**Problem to solve**
Please copy out the full listing that follows exactly; no picture belongs in the copy.

**Recorded information**
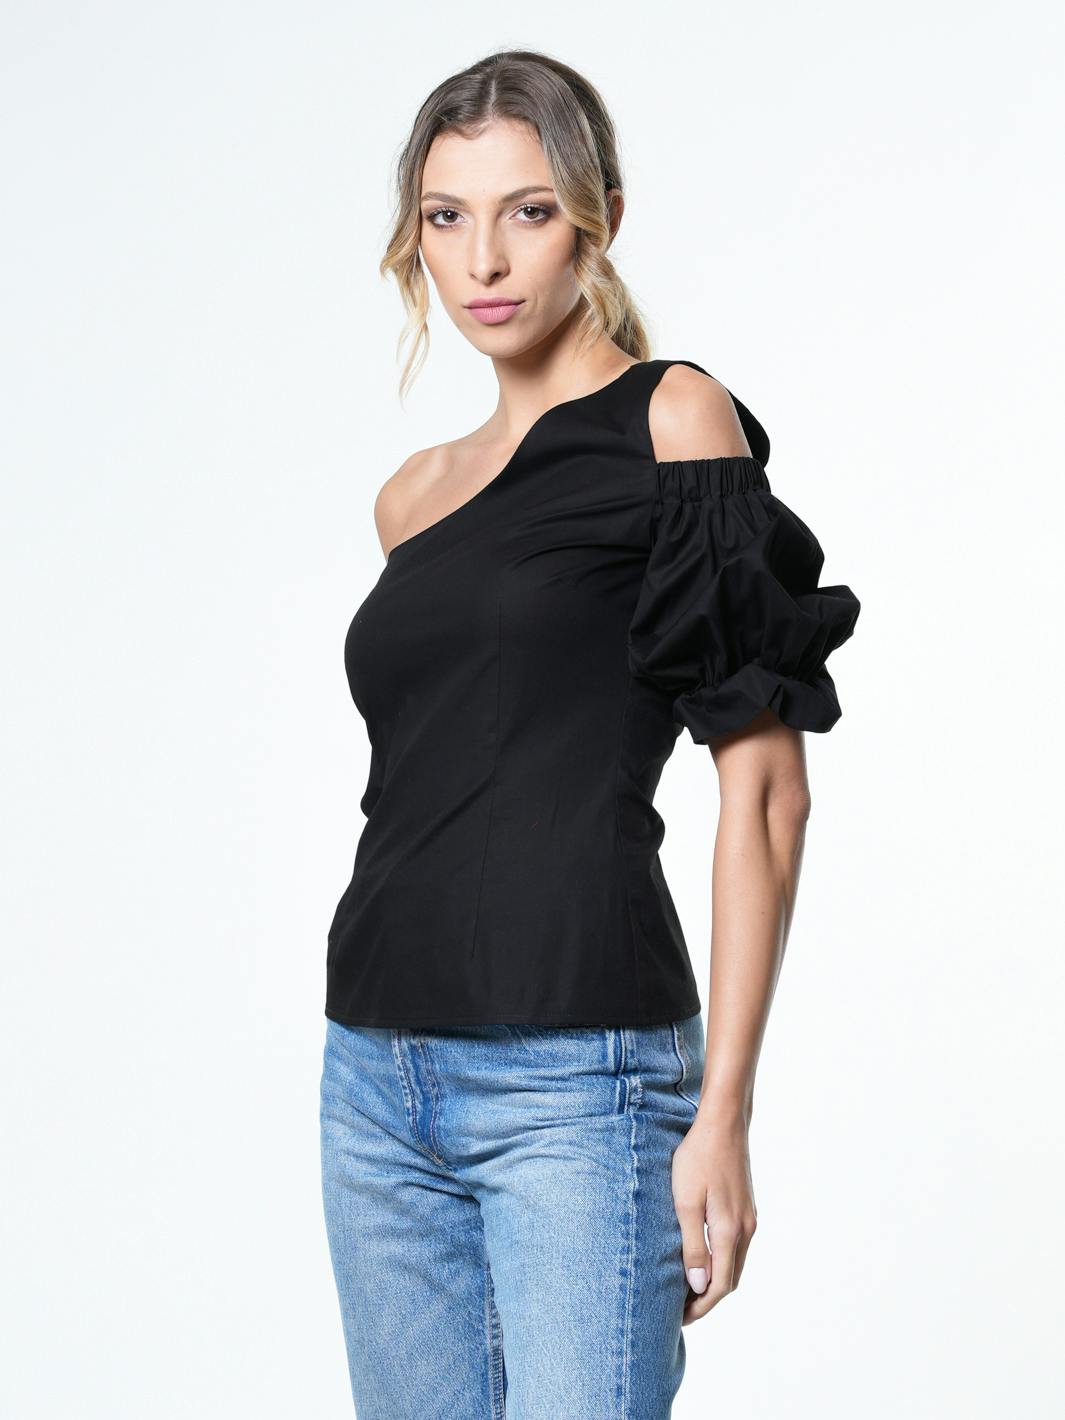 Extravagant One Sleeve Top , a product by METAMORPHOZA
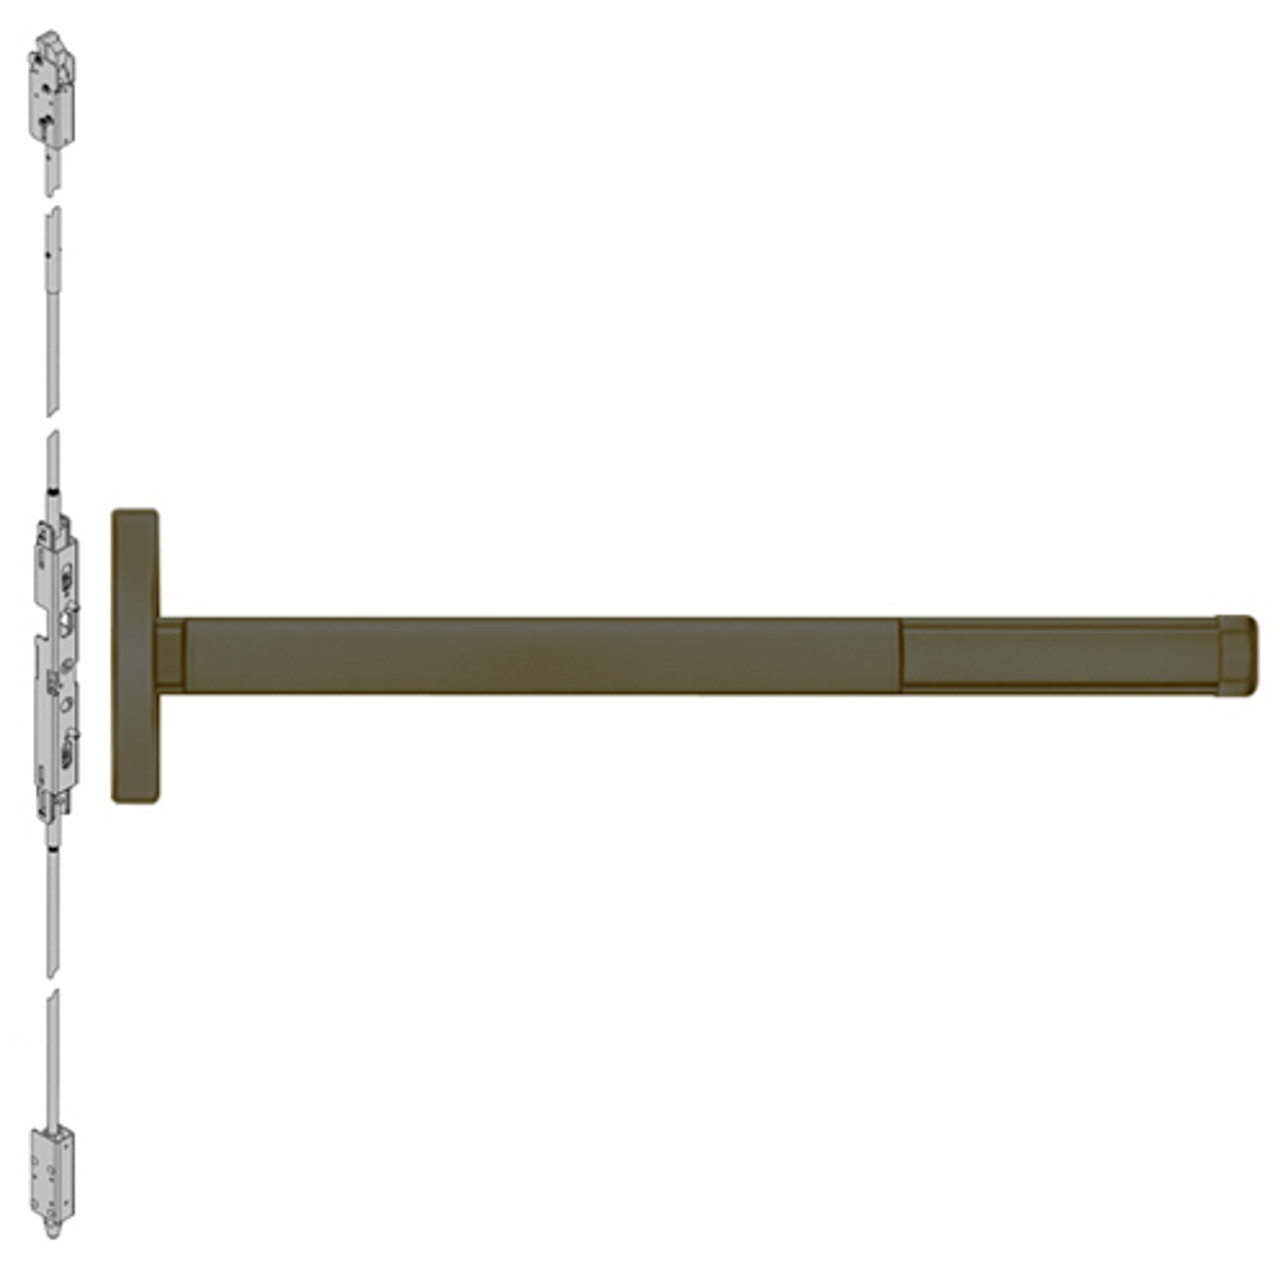 DEFL2608-613-48 PHI 2600 Series Fire Rated Concealed Vertical Rod Exit Device with Delayed Egress Prepped for Key Controls Lever in Oil Rubbed Bronze Finish
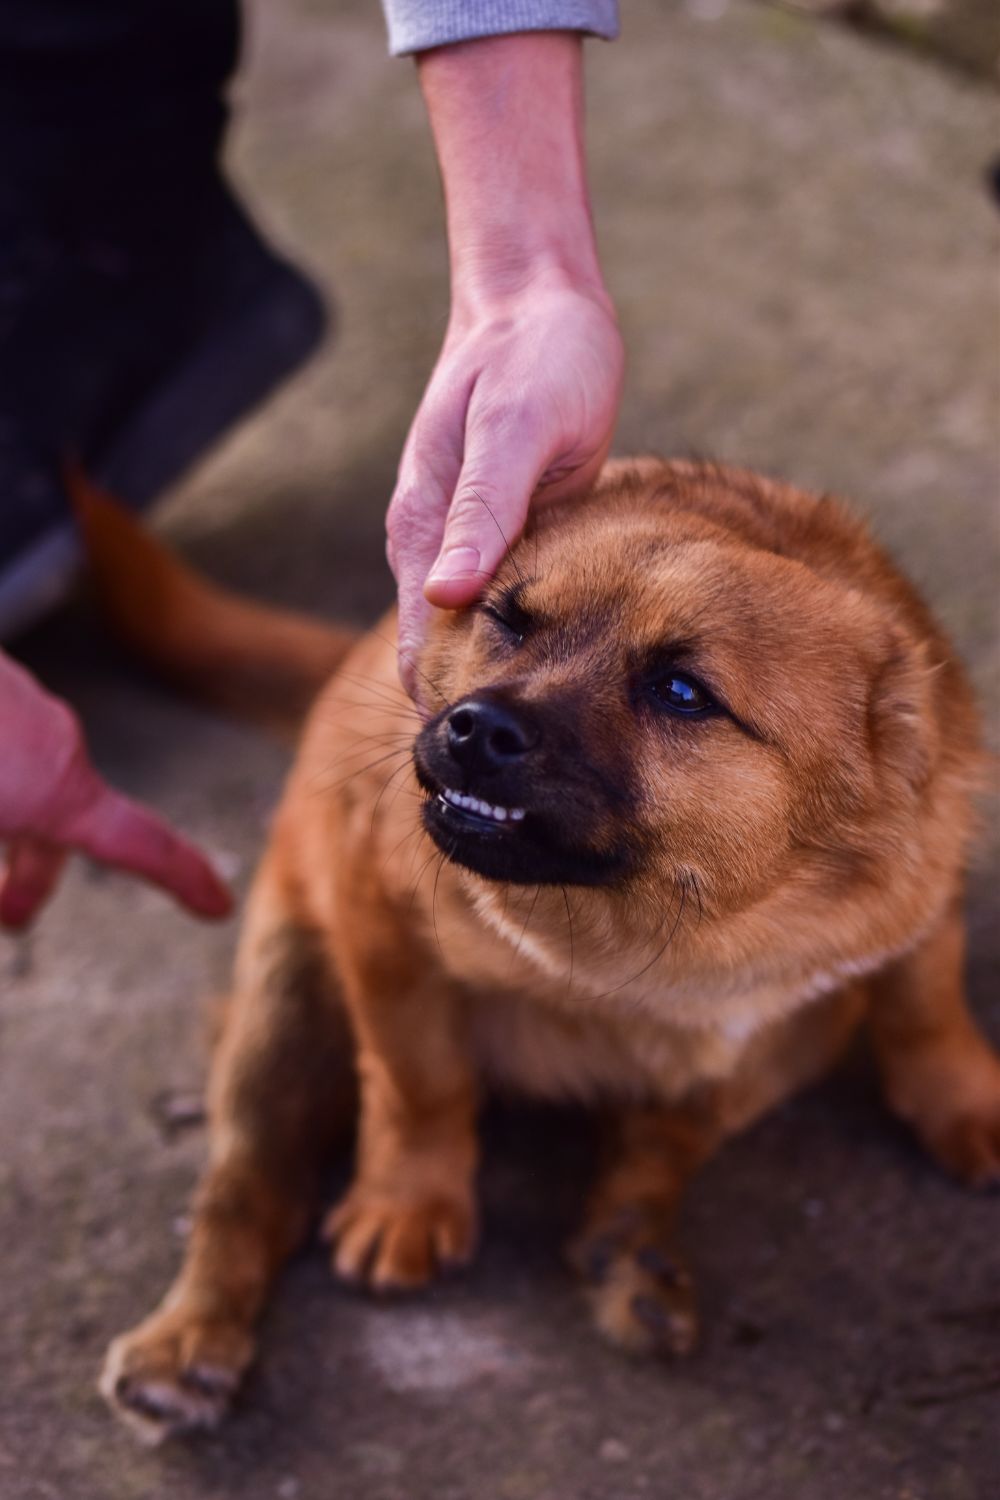 The Legal Process of Filing a Dog Bite Claim What You Need to Know

**Task result**
 Extravagant One Sleeve Top , a product by METAMORPHOZA
 DEFL2608-613-48 PHI 2600 Series Fire Rated Concealed Vertical Rod Exit Device with Delayed Egress Prepped for Key Controls Lever in Oil Rubbed Bronze Finish
 The Legal Process of Filing a Dog Bite Claim What You Need to Know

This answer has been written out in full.